The first A220 commercial flights will take off on 1 March 2024 from Melbourne-Canberra and Melbourne-Brisbane; this expands to Melbourne-Hobart from July 2024, Melbourne-Coffs Harbour from October 2024, and Melbourne-Launceston from November 2024 as more aircraft are delivered.

Could this include some Trans-Tasman ports down the track, too? Qantas says, “The A220 can fly between any two points in Australia and to several offshore destinations, creating new route options in future.” So, quite possibly.

The verdict?

QantasLink A220-300 on the tarmac at Ayers Rock Airport. Image: James D. Morgan @ Getty Images for Qantas

QantasLink’s new A220-300s undoubtedly set an elevated passenger comfort and efficiency benchmark.

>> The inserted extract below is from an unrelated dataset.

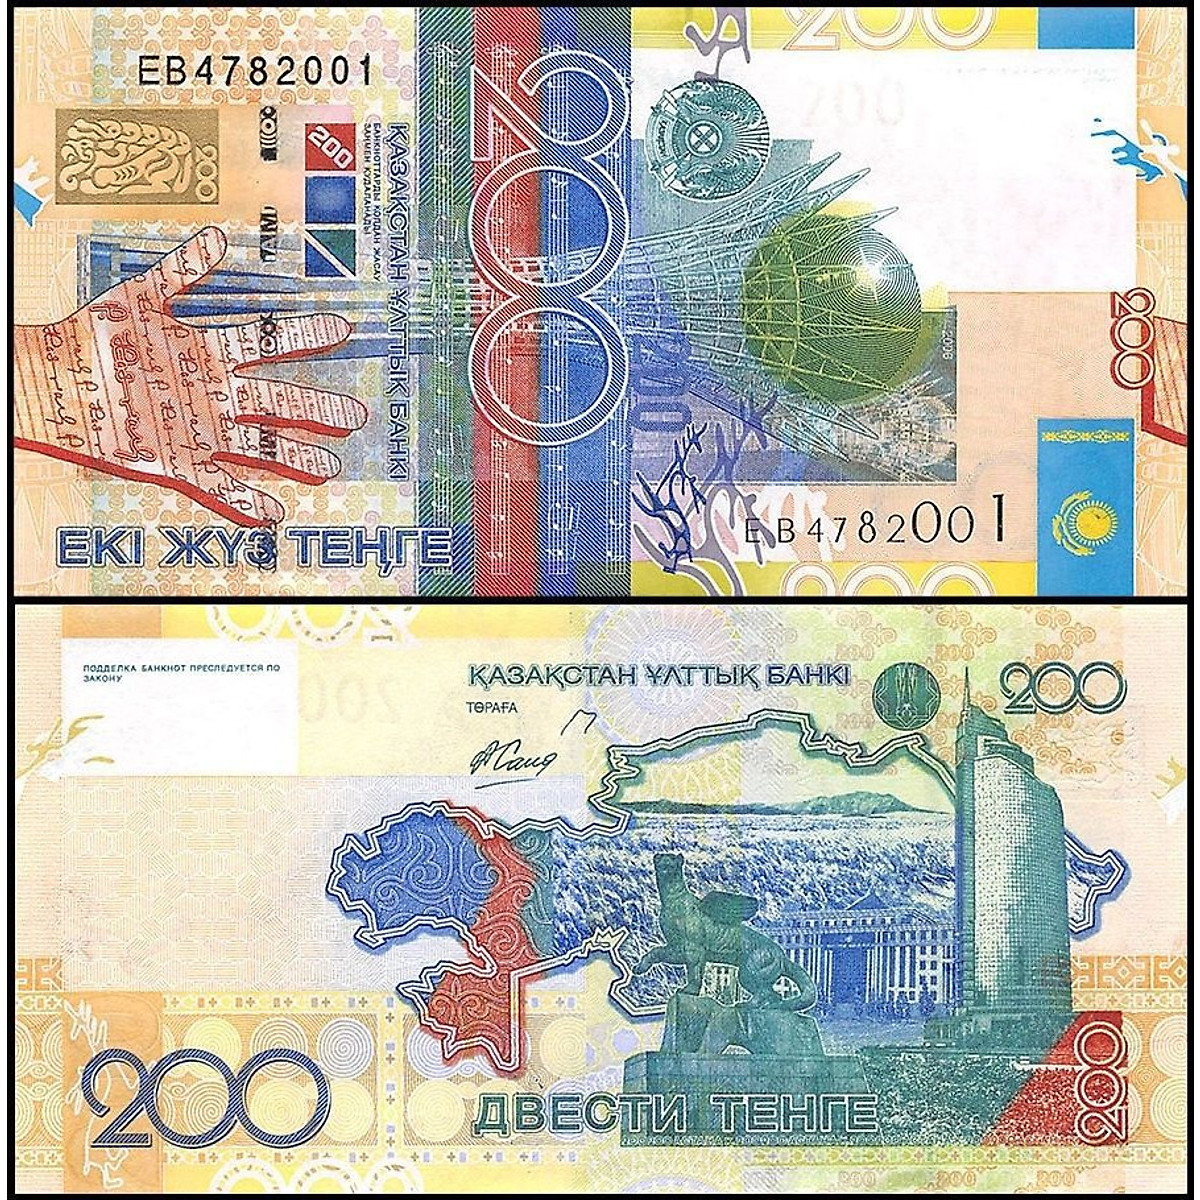 Tiền Kazakhstan mệnh giá 200 Tehe sưu tầm - Tiền mới keng 100% - Tặng túi nilon bảo quản
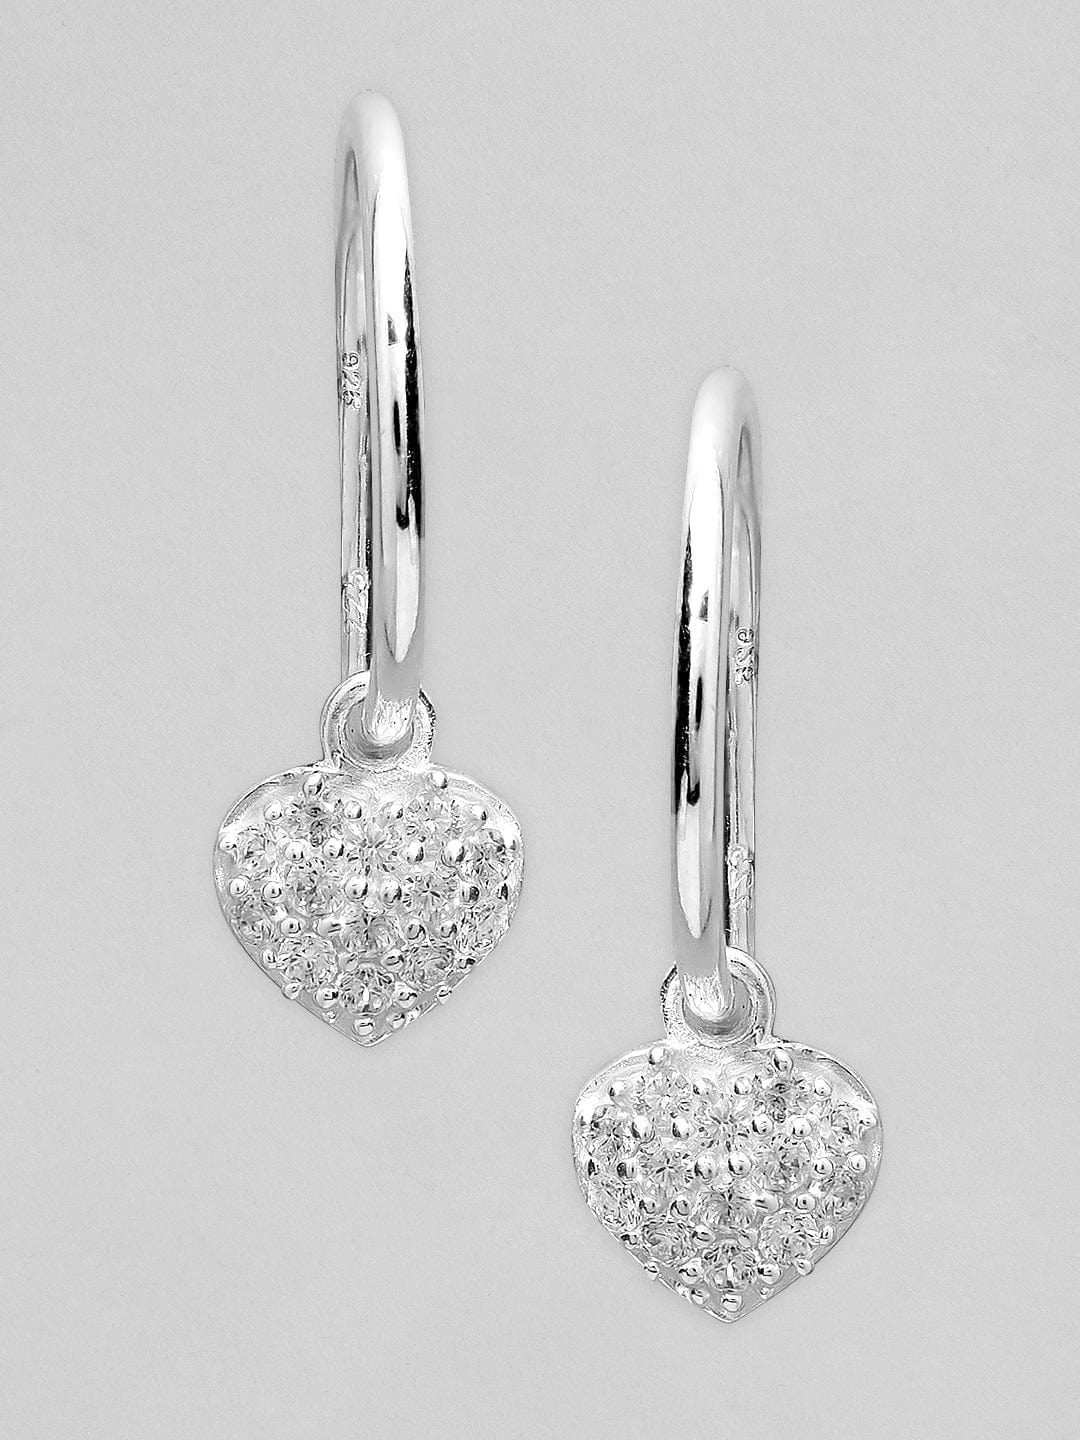 Rubans 925 Silver The Shimering Heart Ring Hoop Earrings. Earrings

In flight, the A220-300 feels so much quieter and smoother, with a noticeably punchier take-off and landing that adds to a less cumbersome flying experience.

The fact that the aircraft can fly twice as far as the 717s opens up numerous opportunities for QantasLink to connect more of Australia, potentially non-stop, to destinations near and far while delivering significant commercial and environmental benefits to the airline for the next two decades.